■ **ACTIVITY**: You are asked to copy the entire listing exactly, apart from its pictures.

■ **DATA EXCERPT**:
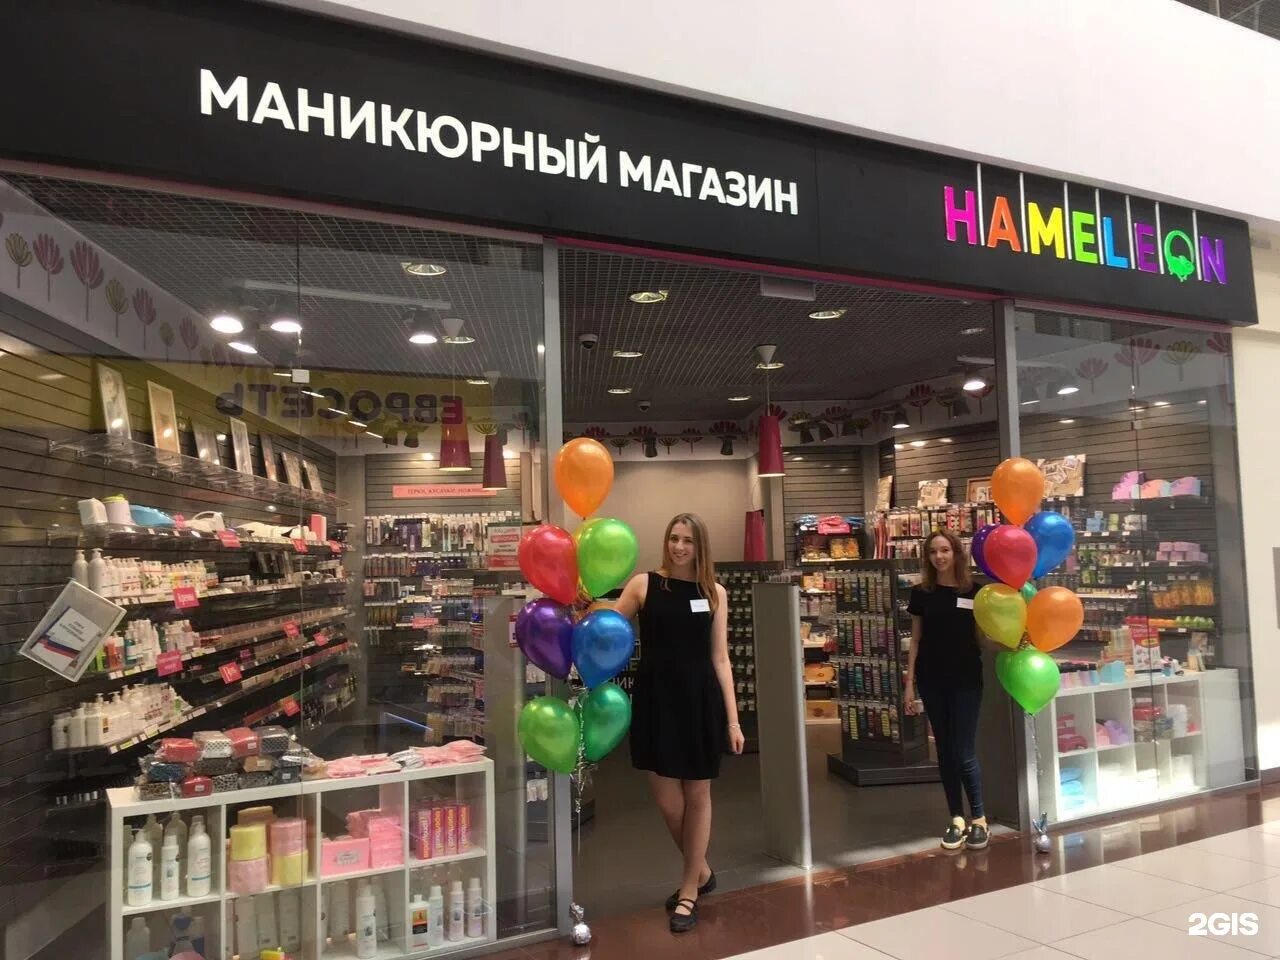 Хамелеон магазин новосибирск. Хамелеон магазин. Хамелеон маникюрный магазин. Хамелеон Уфа магазин. Хамелеон магазин для ногтей Новосибирск.
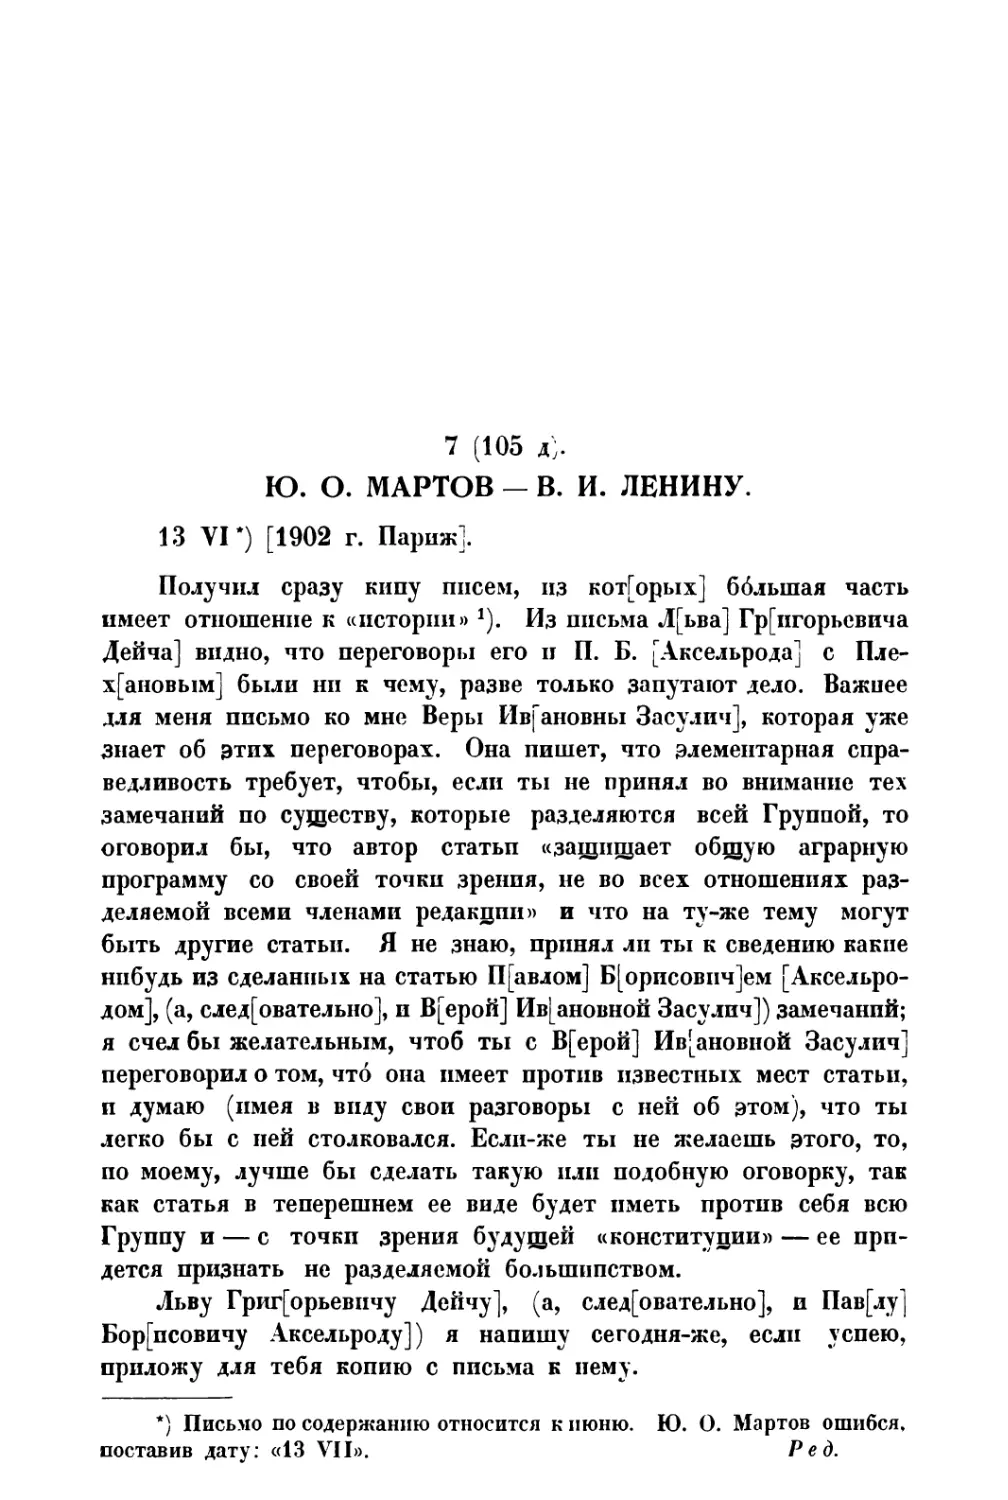 7. Ю. О. Мартов — В. И. Ленину от 13 VI 1902 г
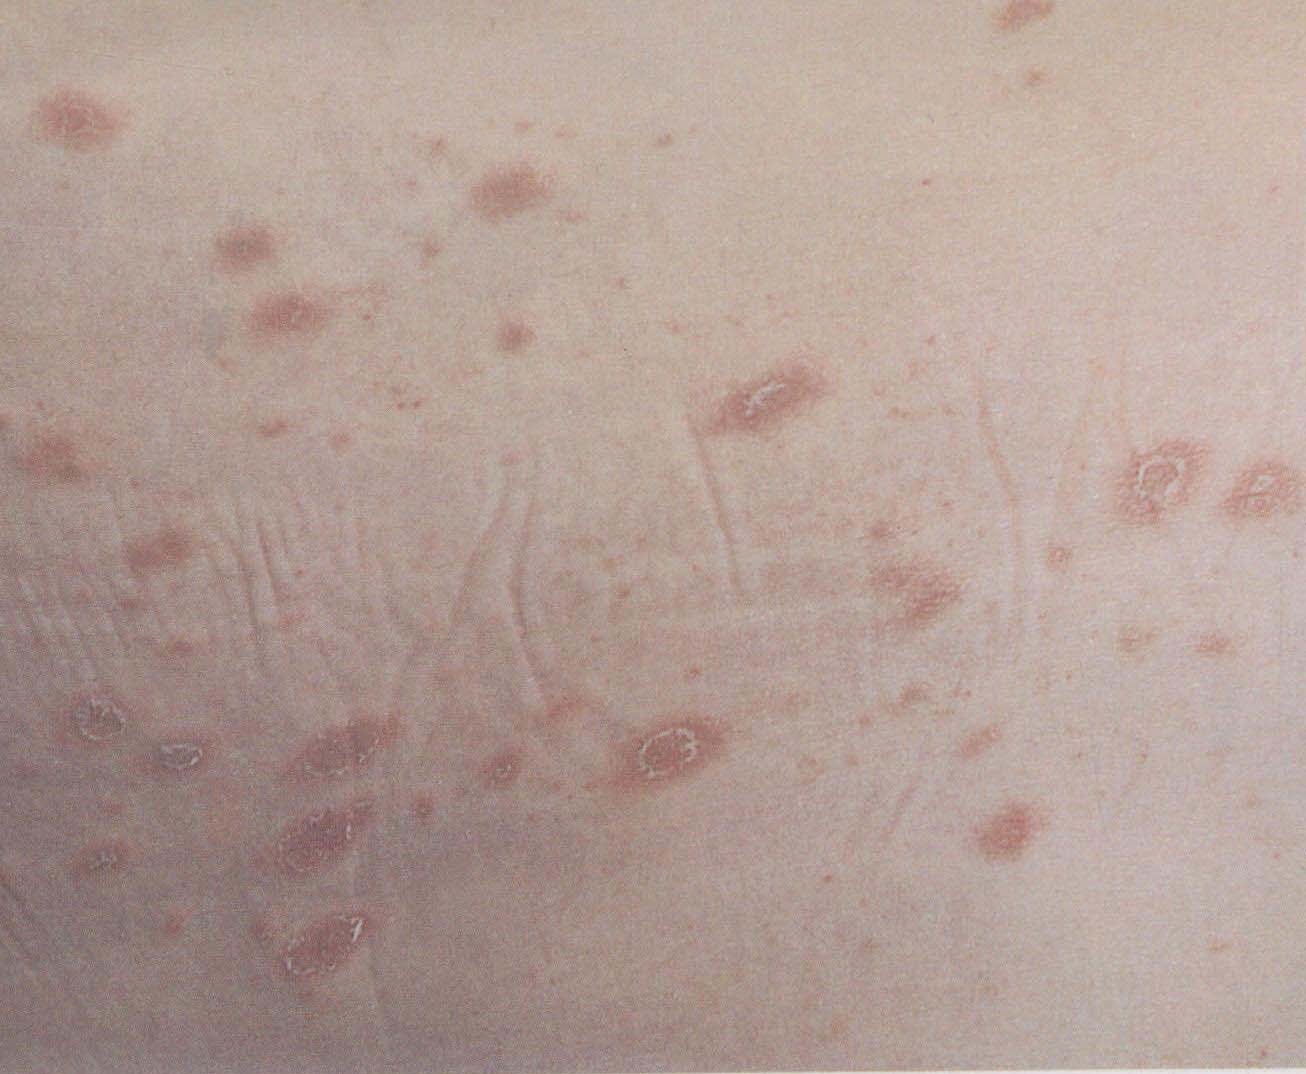 梅毒初期皮肤,红斑丘疹性湿疹图片 - 伤感说说吧

■ **ANSWER SPACE**:
 Хамелеон магазин новосибирск. Хамелеон магазин. Хамелеон маникюрный магазин. Хамелеон Уфа магазин. Хамелеон магазин для ногтей Новосибирск.
 7. Ю. О. Мартов — В. И. Ленину от 13 VI 1902 г
 梅毒初期皮肤,红斑丘疹性湿疹图片 - 伤感说说吧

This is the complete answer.